Pattern: Safely Importing Data

Overview

Computer systems often require interaction with external environments to function effectively, making it vital to import information into your organization’s systems without unintentionally bringing in harmful code.

Unfortunately, the same pathways that facilitate the import of legitimate data also serve as potential entry points for attackers seeking to infiltrate your systems with malware. This vulnerability applies to all forms of data import, including network connections and removable media. Every external system may pose a risk, making it essential to assess all sources critically.

This guidance outlines a series of technical controls that can help manage risks associated with data imports conducted over networks.
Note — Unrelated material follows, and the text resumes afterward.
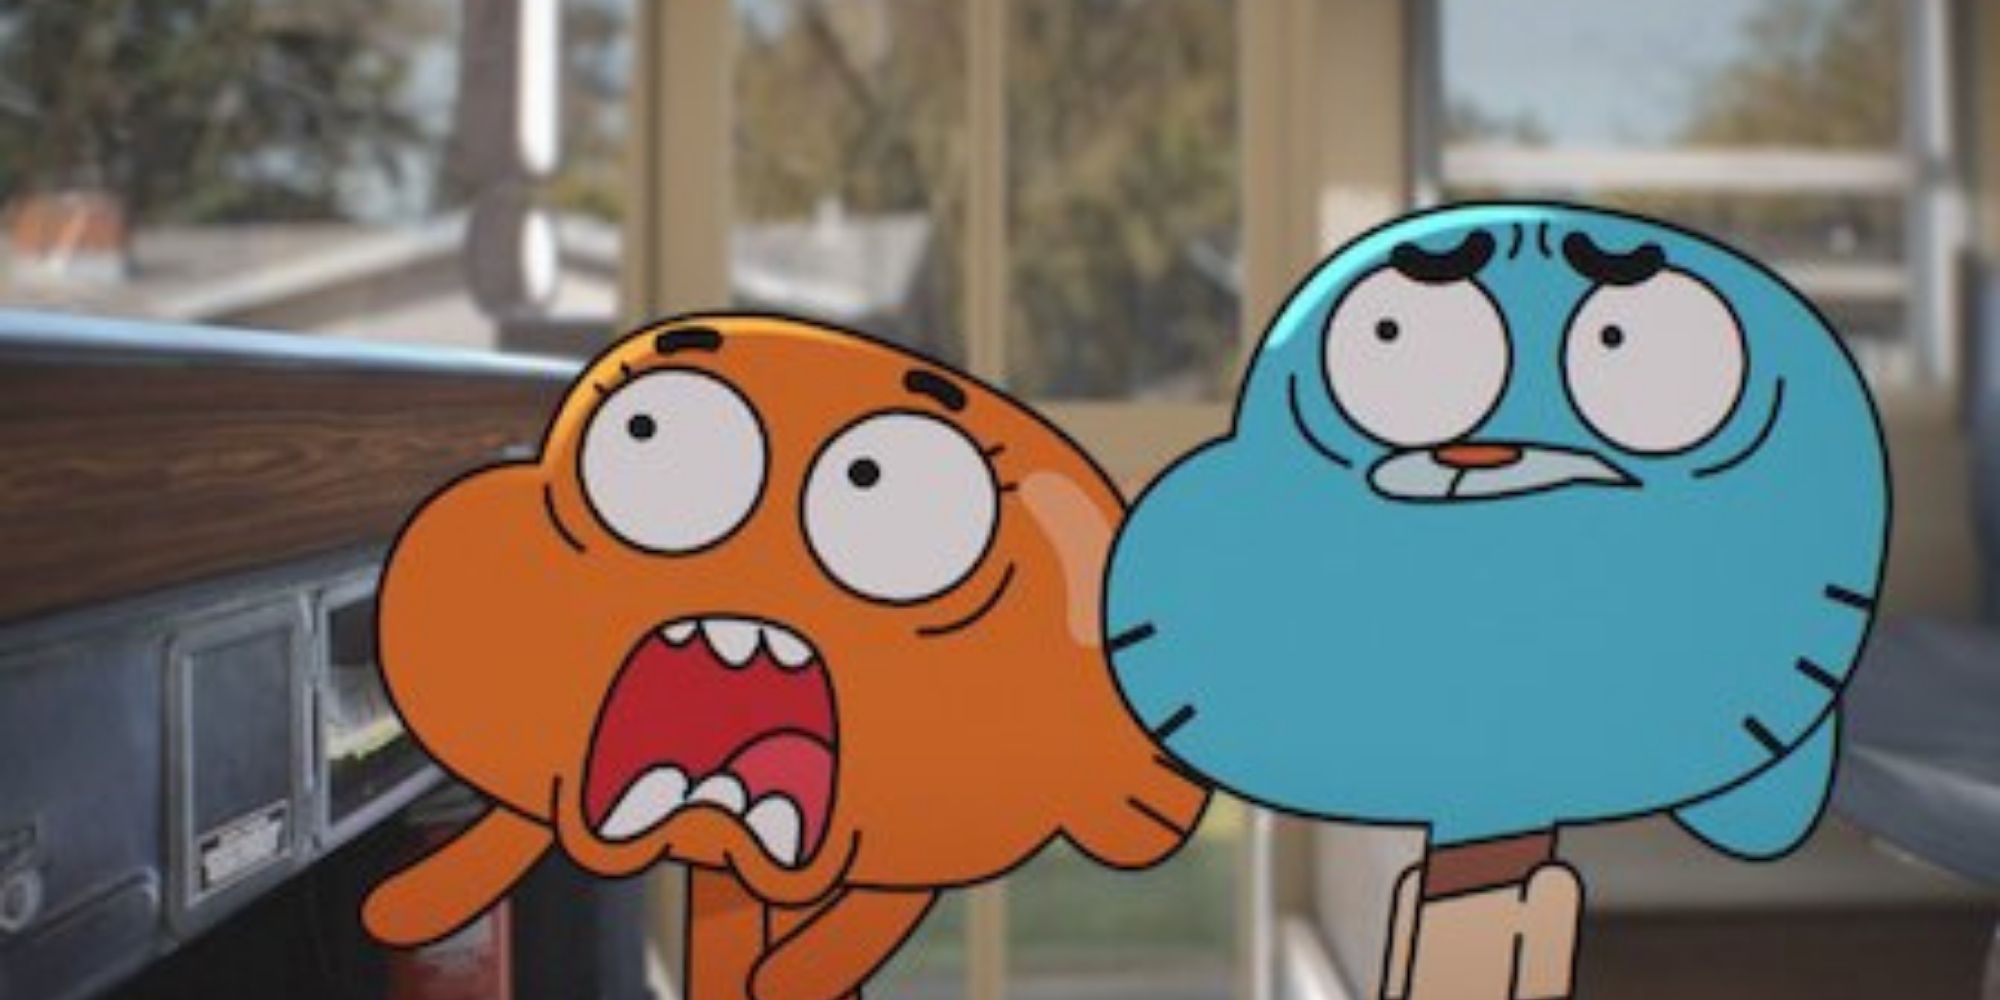 darwin and gumball disturbed in the street

It is especially crucial for systems where integrity or confidentiality is key, such as those managing sensitive information, classified data, significant transactions, or controlling industrial operations.


Content Structure

The guidance is organized into the following sections:

  1. Defensive measures for network attacks
  2. Preventing the import of harmful content
  3. Suggested practices for data import
  4. Monitoring for breach attempts


A. Defensive Measures for Network Attacks

Data is typically introduced into a system via network connections and suitable transport protocols, which might include generic protocols like SFTP or SMTP, or system-specific APIs.

Unfortunately, both network connections and transport protocols can be vulnerable to exploitation. A successful breach of either could allow an attacker to gain control over destination servers or network devices.

Nature of the Attack

A network-based attack may focus on any layer within the OSI model.

Media layers (physical, data link, network)

Possible attack methods include:

  • Sending a malformed Ethernet frame to exploit vulnerabilities in the Ethernet driver of the target device
  • Crafting a malformed IPv4 or IPv6 header that exploits vulnerabilities in the device’s IP stack, firmware, or operating system

Host layers (transport, session, presentation, application)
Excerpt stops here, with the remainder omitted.